=== Task requirements ===
Transcribe the listing verbatim, please, with images dropped.

=== Provided material ===
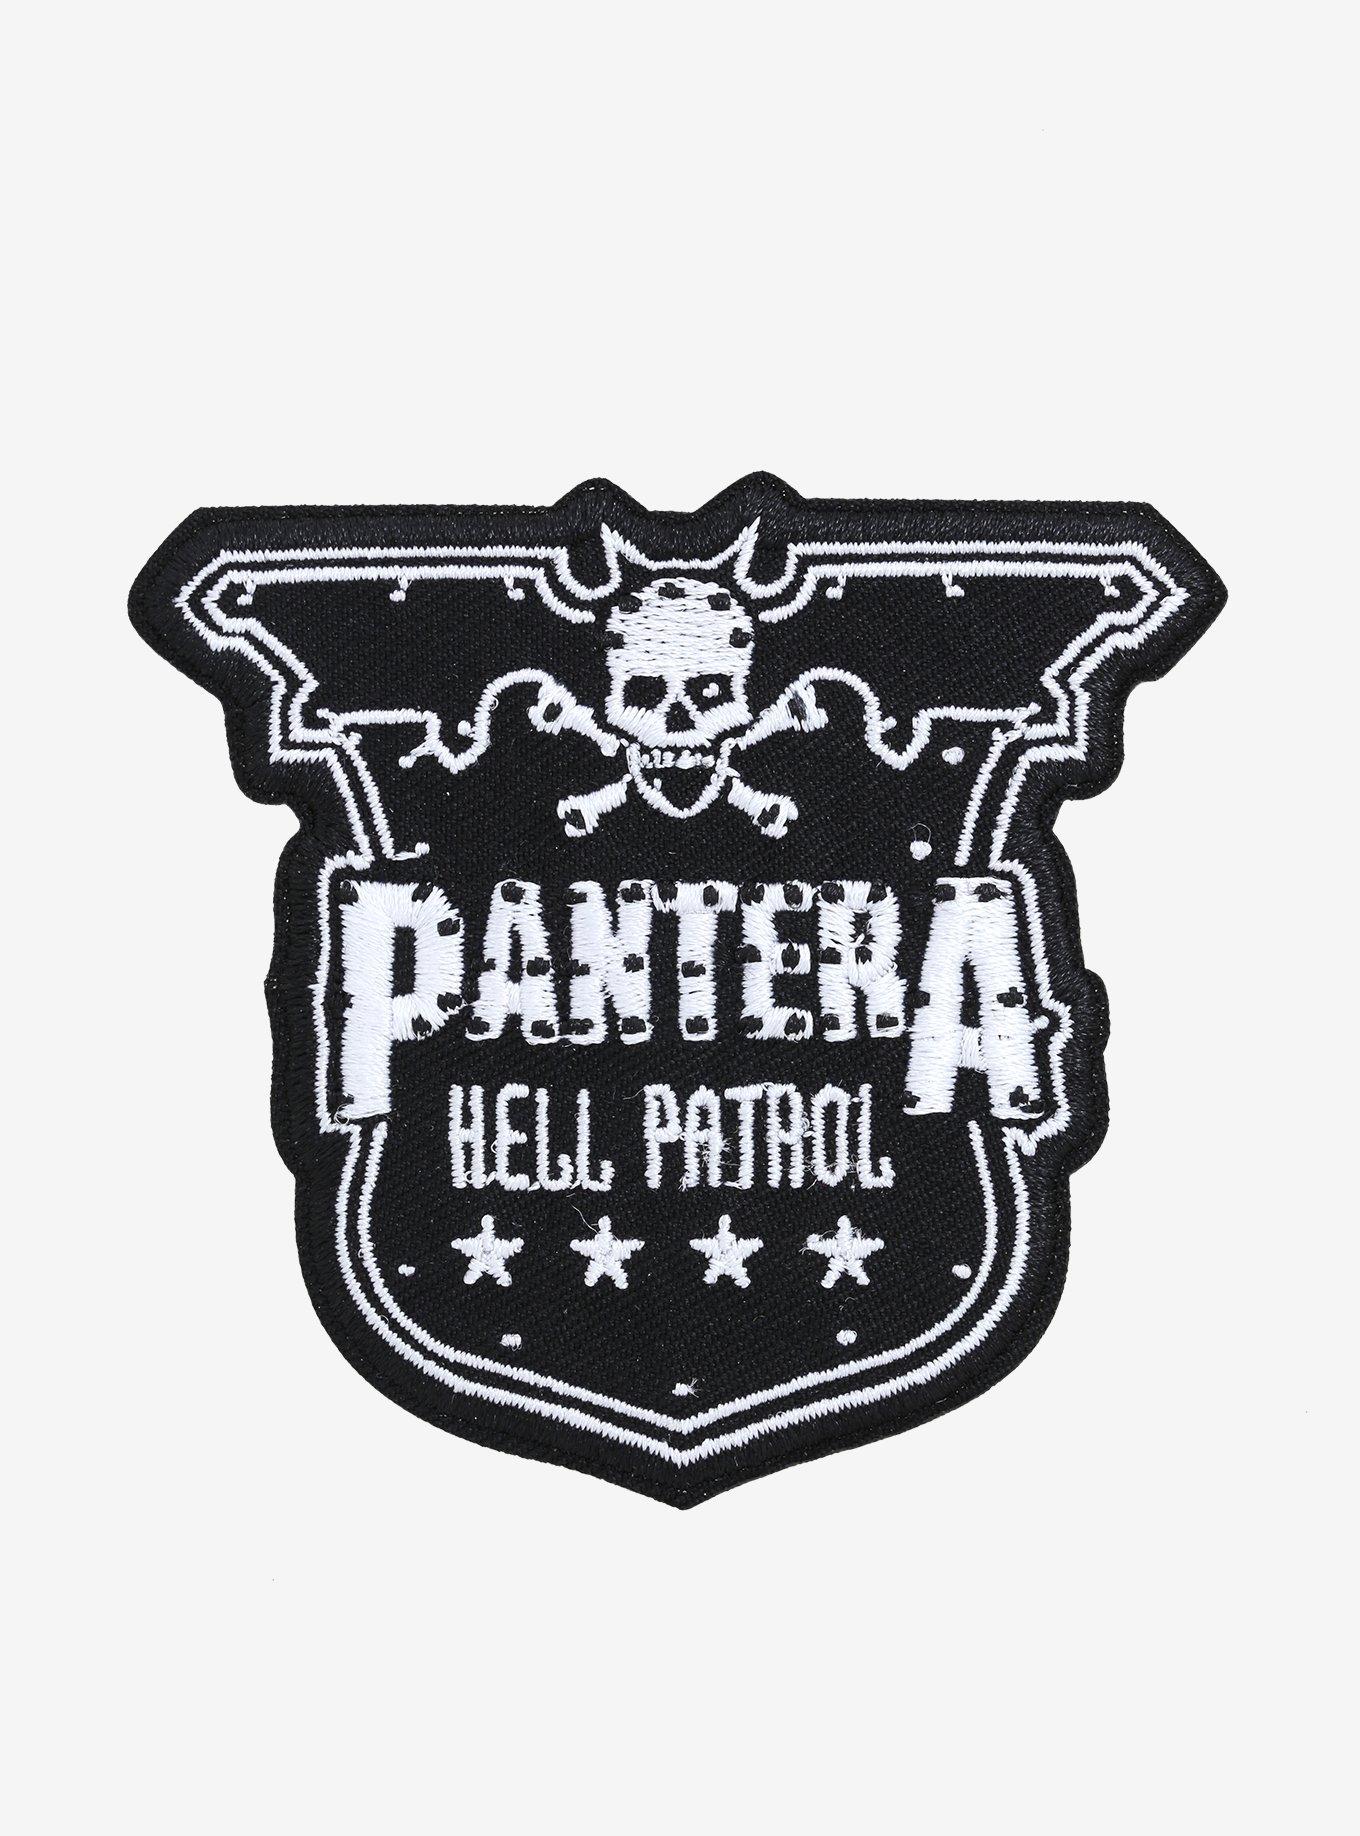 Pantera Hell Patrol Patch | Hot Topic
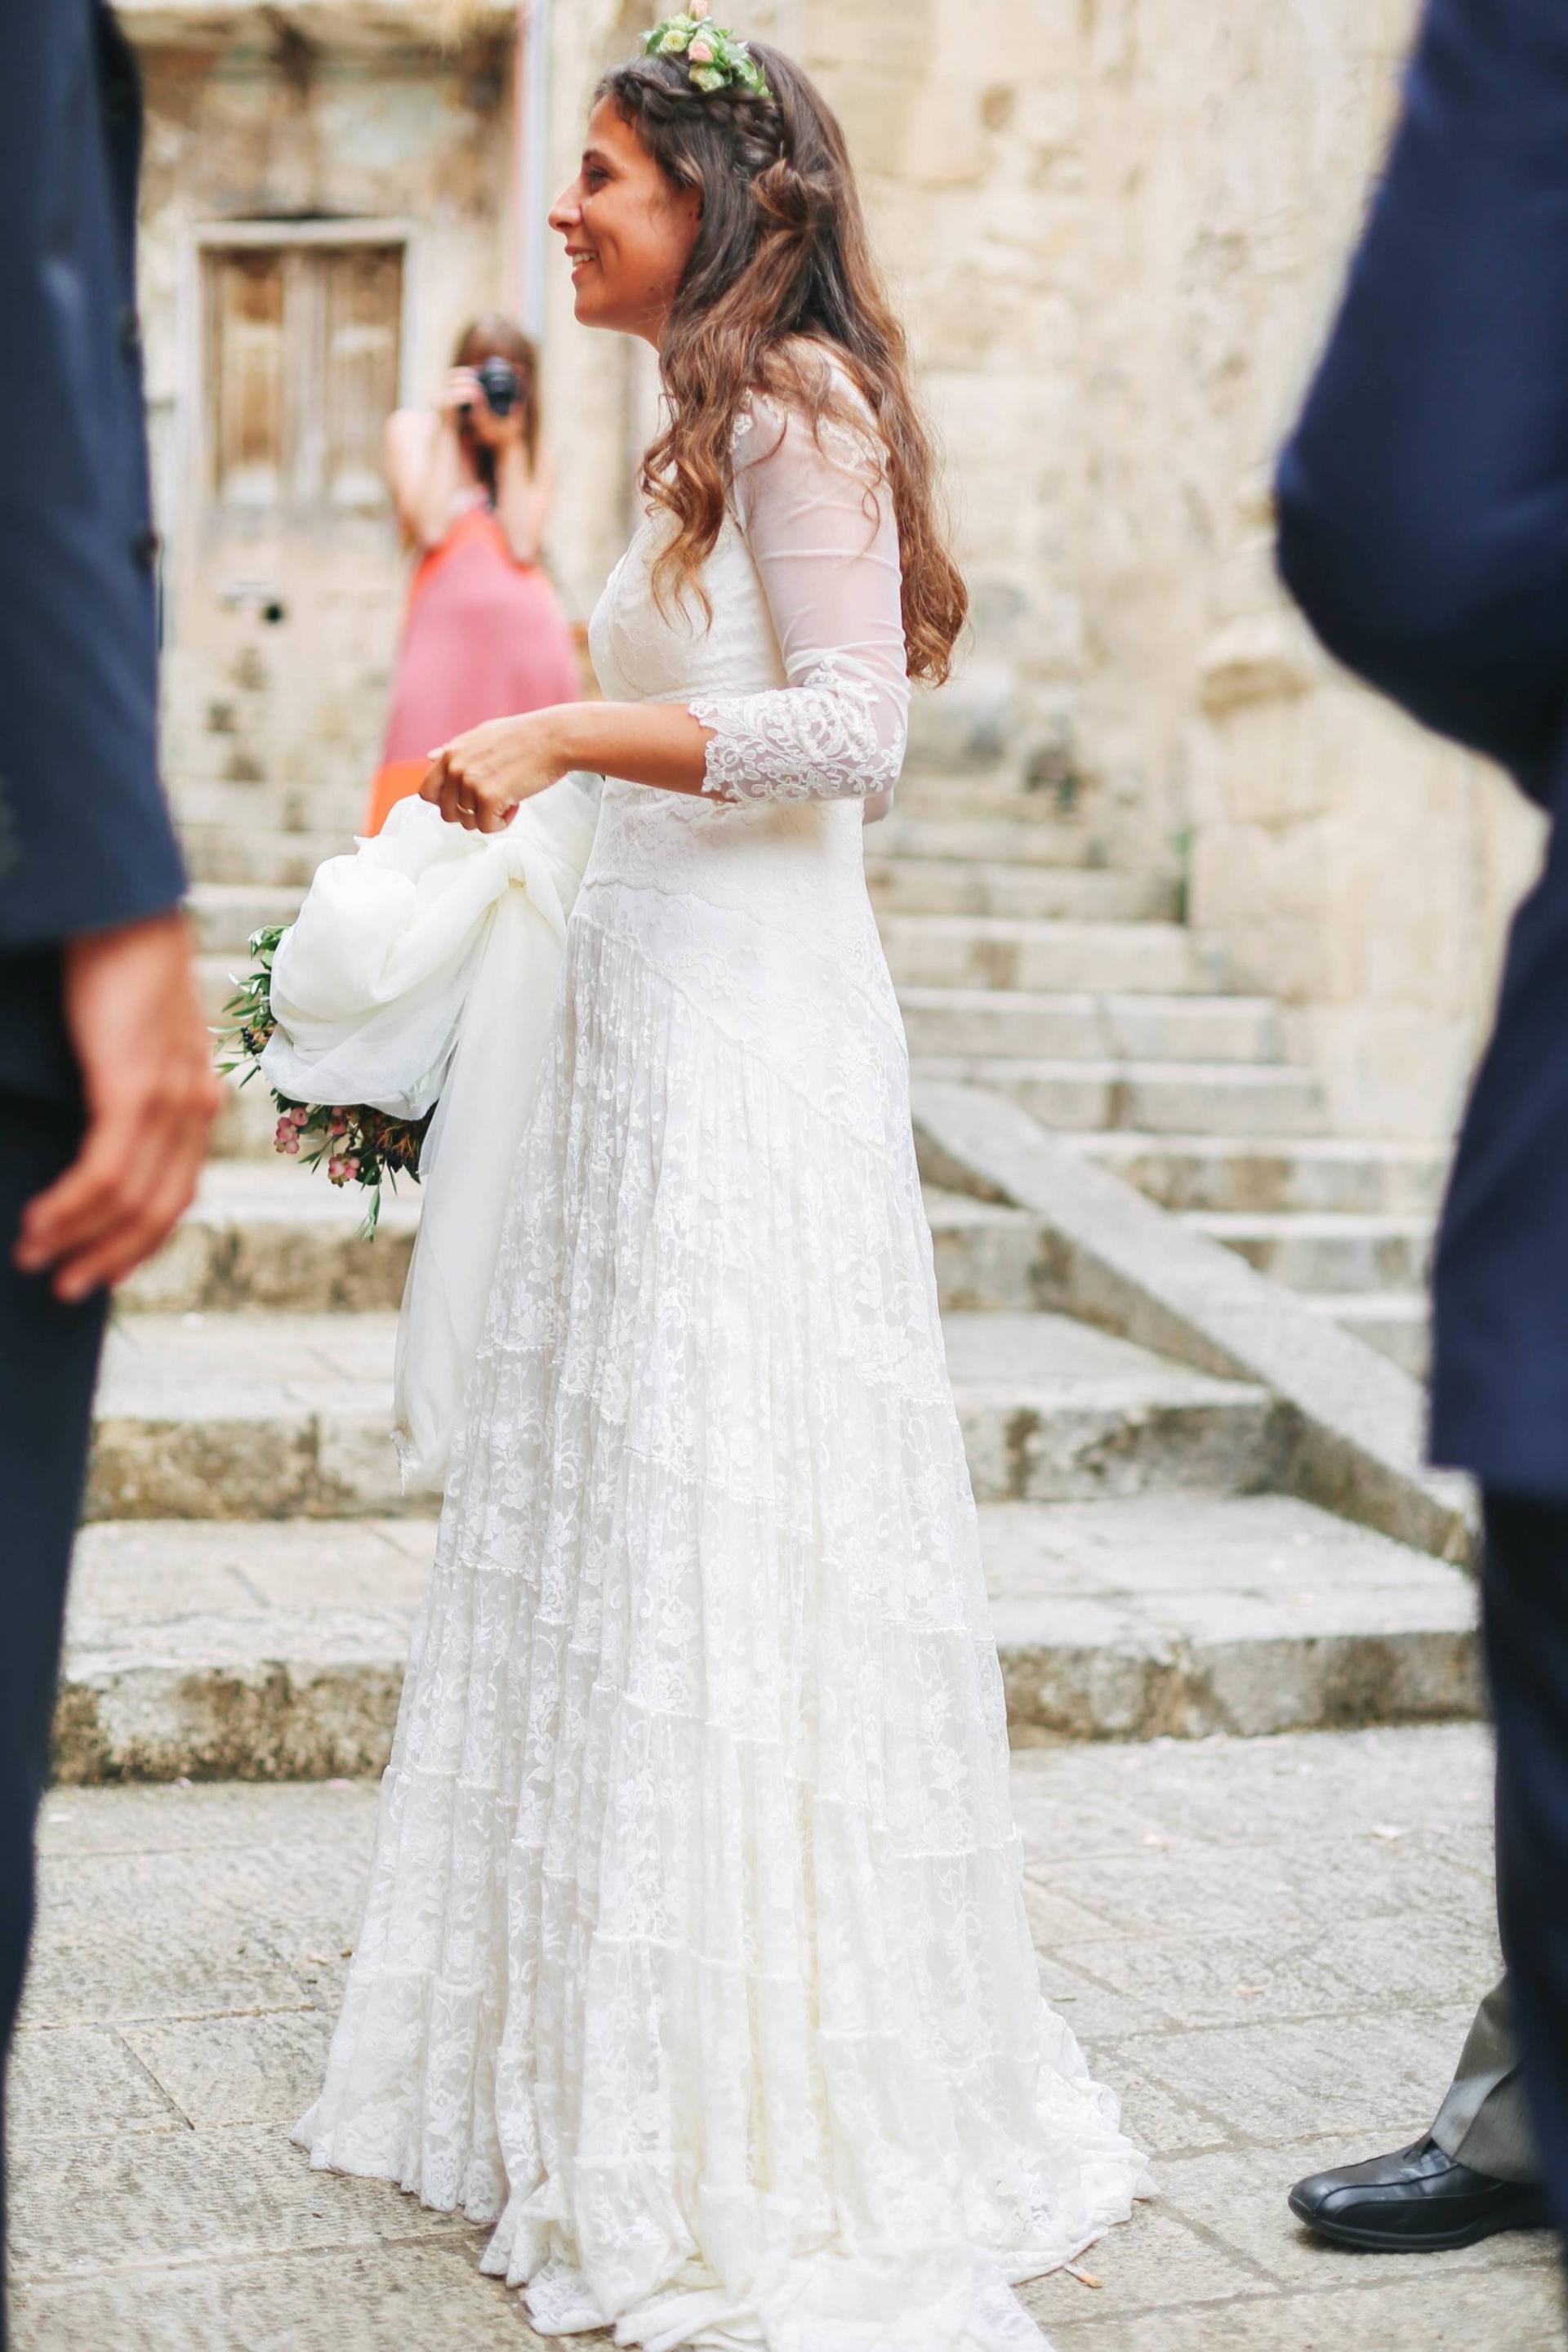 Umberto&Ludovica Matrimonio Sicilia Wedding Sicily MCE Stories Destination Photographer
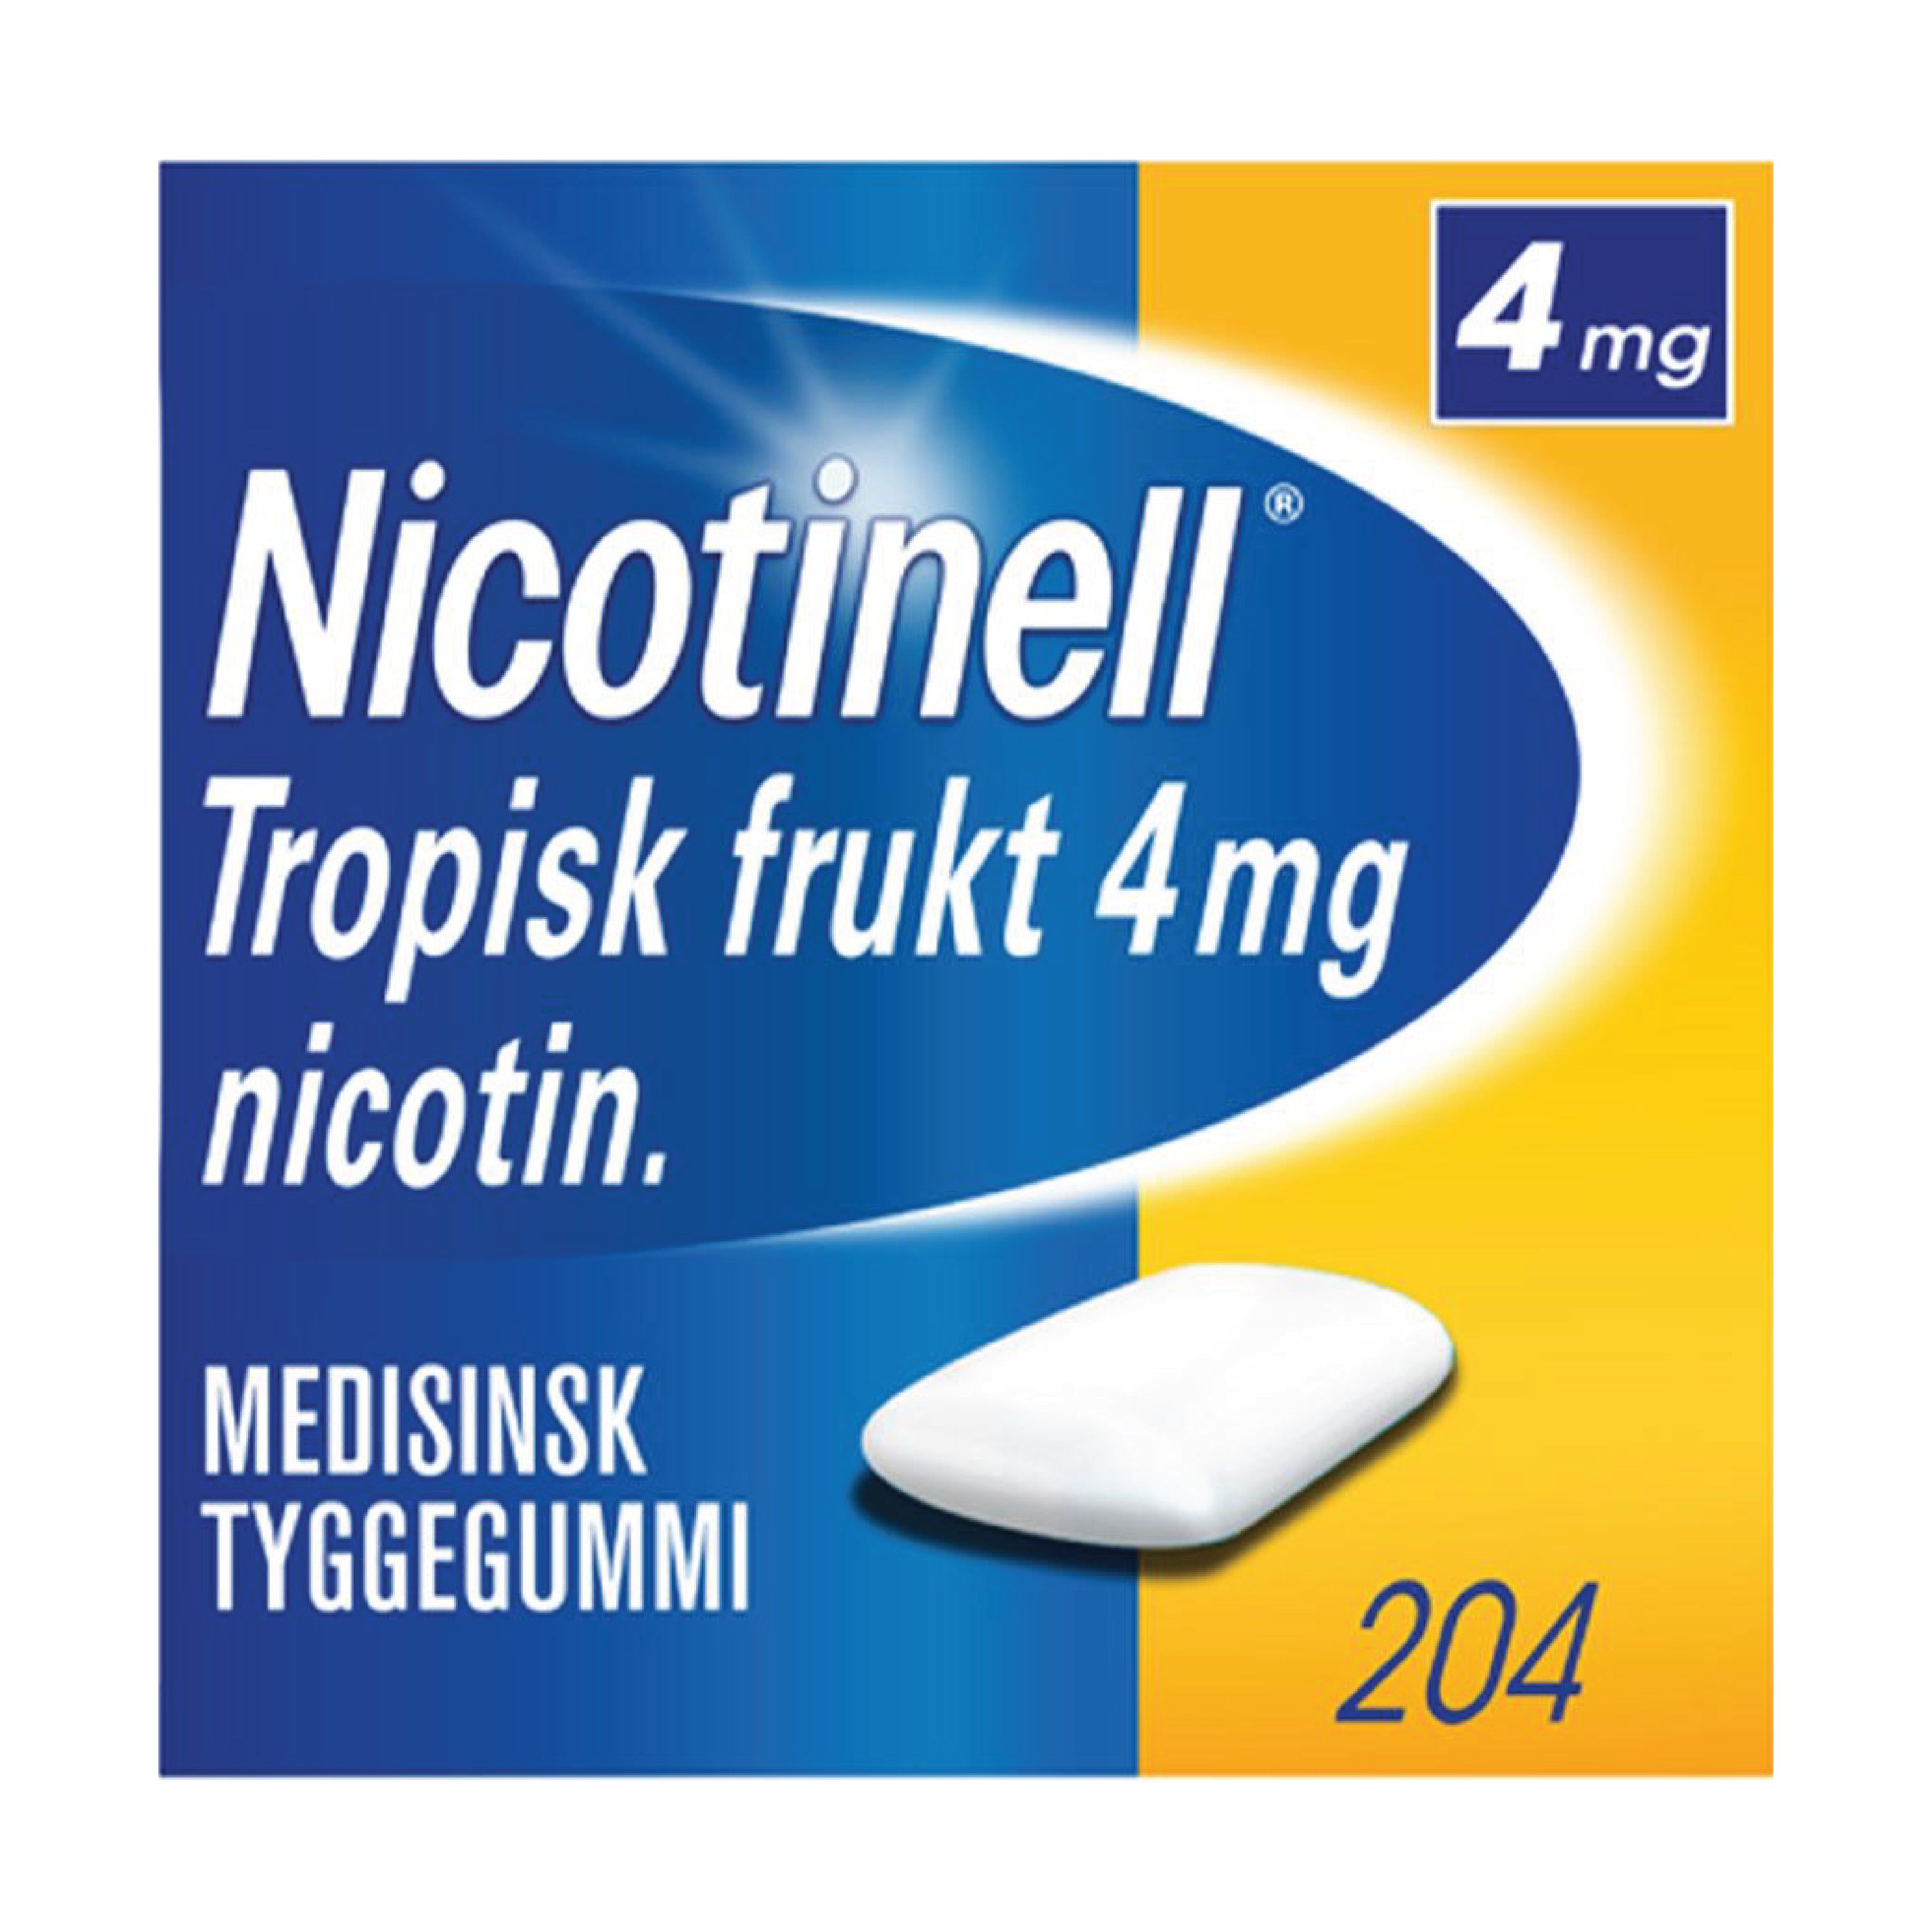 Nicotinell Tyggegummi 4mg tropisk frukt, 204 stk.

=== Task result ===
 Pantera Hell Patrol Patch | Hot Topic
 Umberto&Ludovica Matrimonio Sicilia Wedding Sicily MCE Stories Destination Photographer
 Nicotinell Tyggegummi 4mg tropisk frukt, 204 stk.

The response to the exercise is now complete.